Immigration and the U.S. Labor Force
Two New Studies Examine Economics of Immigration
By Center For Imigration Studies
Contact: Steven Camarota,
(202) 466-8185, firstname.lastname@example.org
WASHINGTON (August 17, 2009) The two reports released today by the Center for Immigration Studies provide detailed information on the U.S. labor force. The first, entitled Jobs Americans Dont Do?, provides a detailed look at the concentration of immigrants across the 465 occupations that comprise the U.S.-labor market. The second report, entitled Worse Than It Seems, examines the broader measure of unemployment, referred to by the government as U-6, which includes the unemployed and people who would like to work but have not looked for a job recently, as well as those working part-time who want full-time work.
Among the findings:
Of the 465 civilian occupations, only four are majority immigrant. These four occupations account for less than one percent of the total U.S. workforce. Moreover, even in these four occupations, native-born Americans comprise 47% of workers.
Many jobs often thought to be overwhelmingly immigrant are in fact majority native-born:
Maids and housekeepers: 55 percent native-born.
Taxi drivers and chauffeurs: 58 percent native-born.
Butchers and meat processors: 63 percent native-born.
Grounds maintenance workers: 65 percent native-born.
Construction laborers: 65 percent native-born.
Porters, bellhops and concierges: 71 percent native-born.
Janitors: 75 percent native-born.
Immigrants tend to be concentrated in occupations that are primarily, but not exclusively, lower wage jobs that require relatively little formal education.
In June 2009, the official unemployment rate for native-born Americans was 9.7 percent, but the broader U-6 measure was 16.3 percent.
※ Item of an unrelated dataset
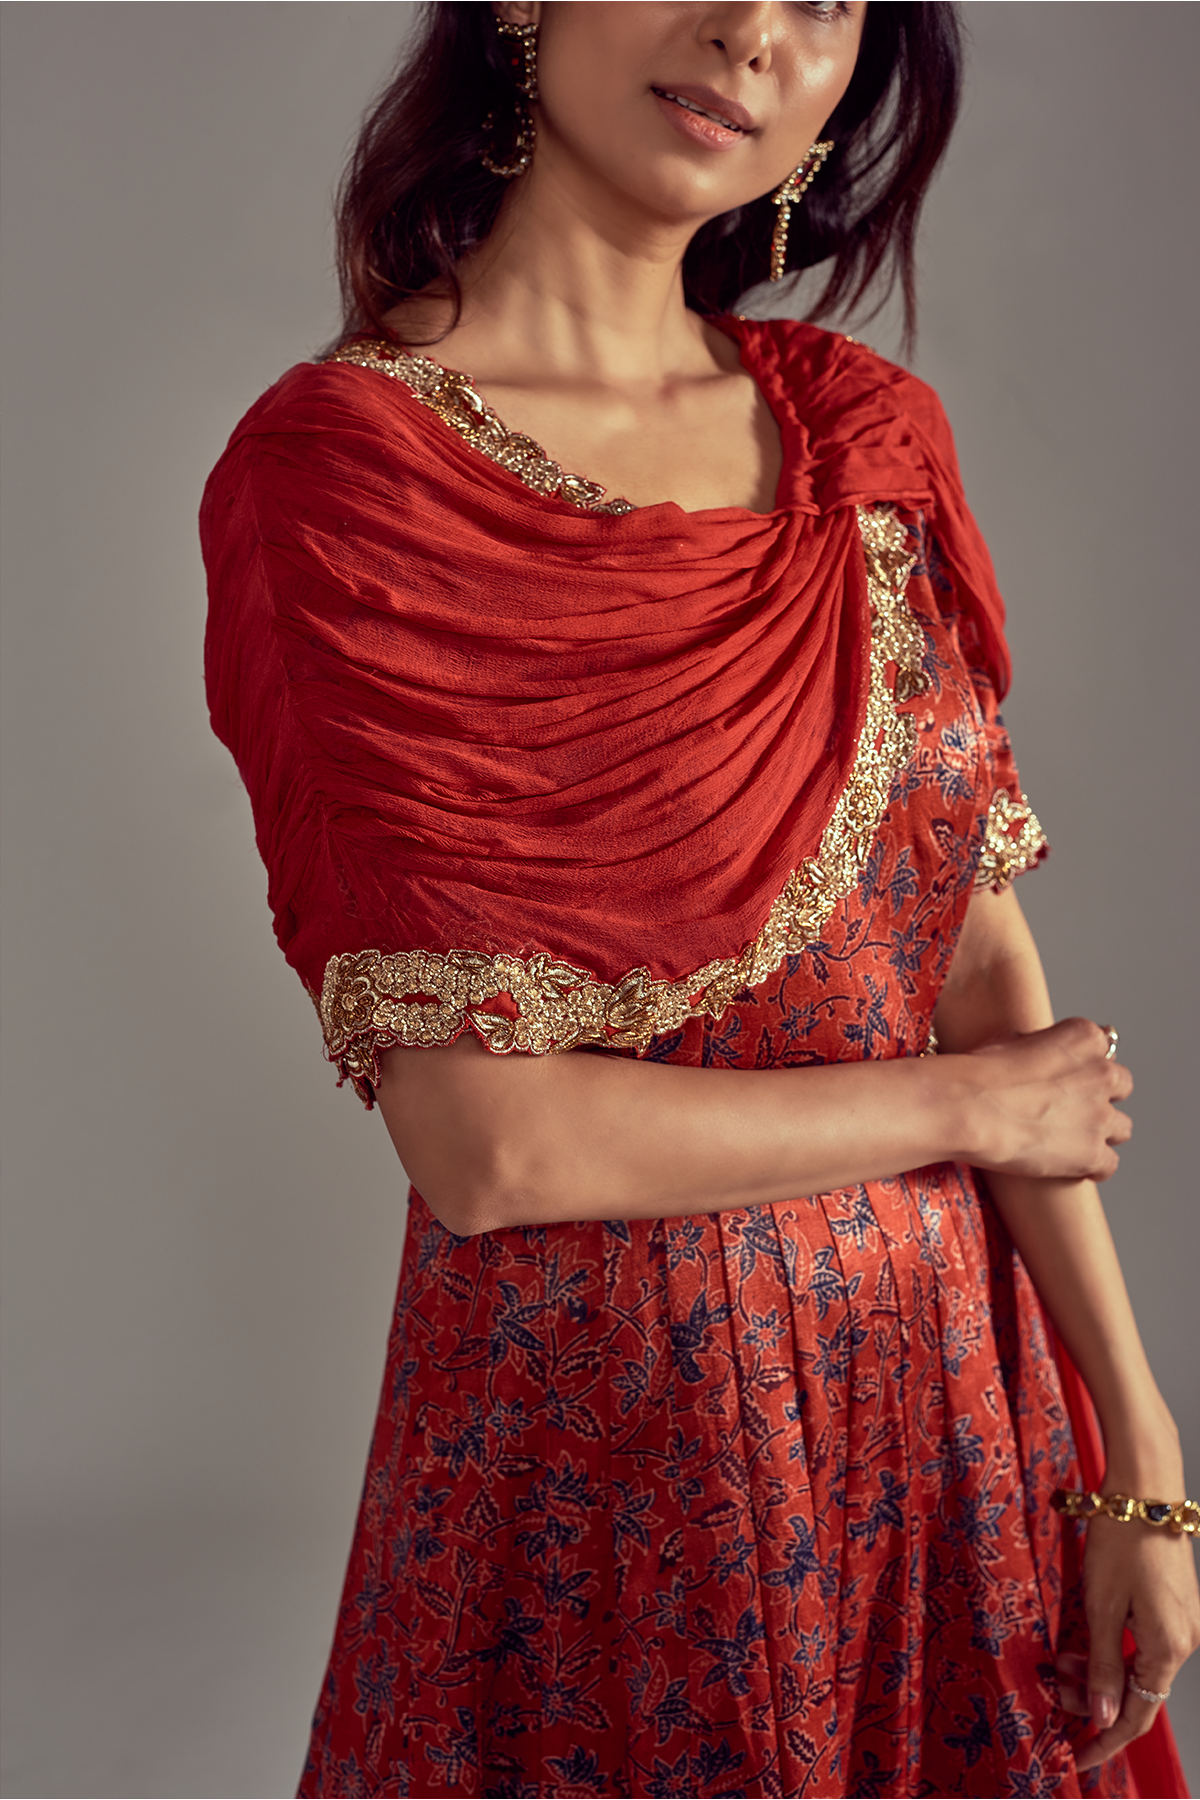 "Stunning Scarlet Red Mashru Silk Ajrakh Anarkali with Heavy Embroidered Border, enhanced with a Draped Dupatta and Belt for a regal look."

The U-6 measure includes people who would like to work but have not looked for a job recently, as well as those working part-time involuntarily.
There are 12.7 million unemployed native-born Americans, but using the U-6 measure the number is 21.7 million.
The unemployment rate for native-born Americans with less than a high school education is 20.8 percent. Their U-6 measure is 33.2 percent.
The unemployment rate for young native-born Americans (18-29) who have only a high school education is 18.5 percent. Their U-6 measure is 30.3 percent.
The unemployment rate for native-born blacks with less than a high school education is 27.5 percent. Their U-6 measure is 42 percent.
The unemployment rate for young, native-born blacks (18-29) with only a high school education is 25.8 percent. Their U-6 measure is 37.4 percent.
The unemployment rate for native-born Hispanics with less than a high school education is 22.6 percent. Their U-6 measure is 36.5 percent.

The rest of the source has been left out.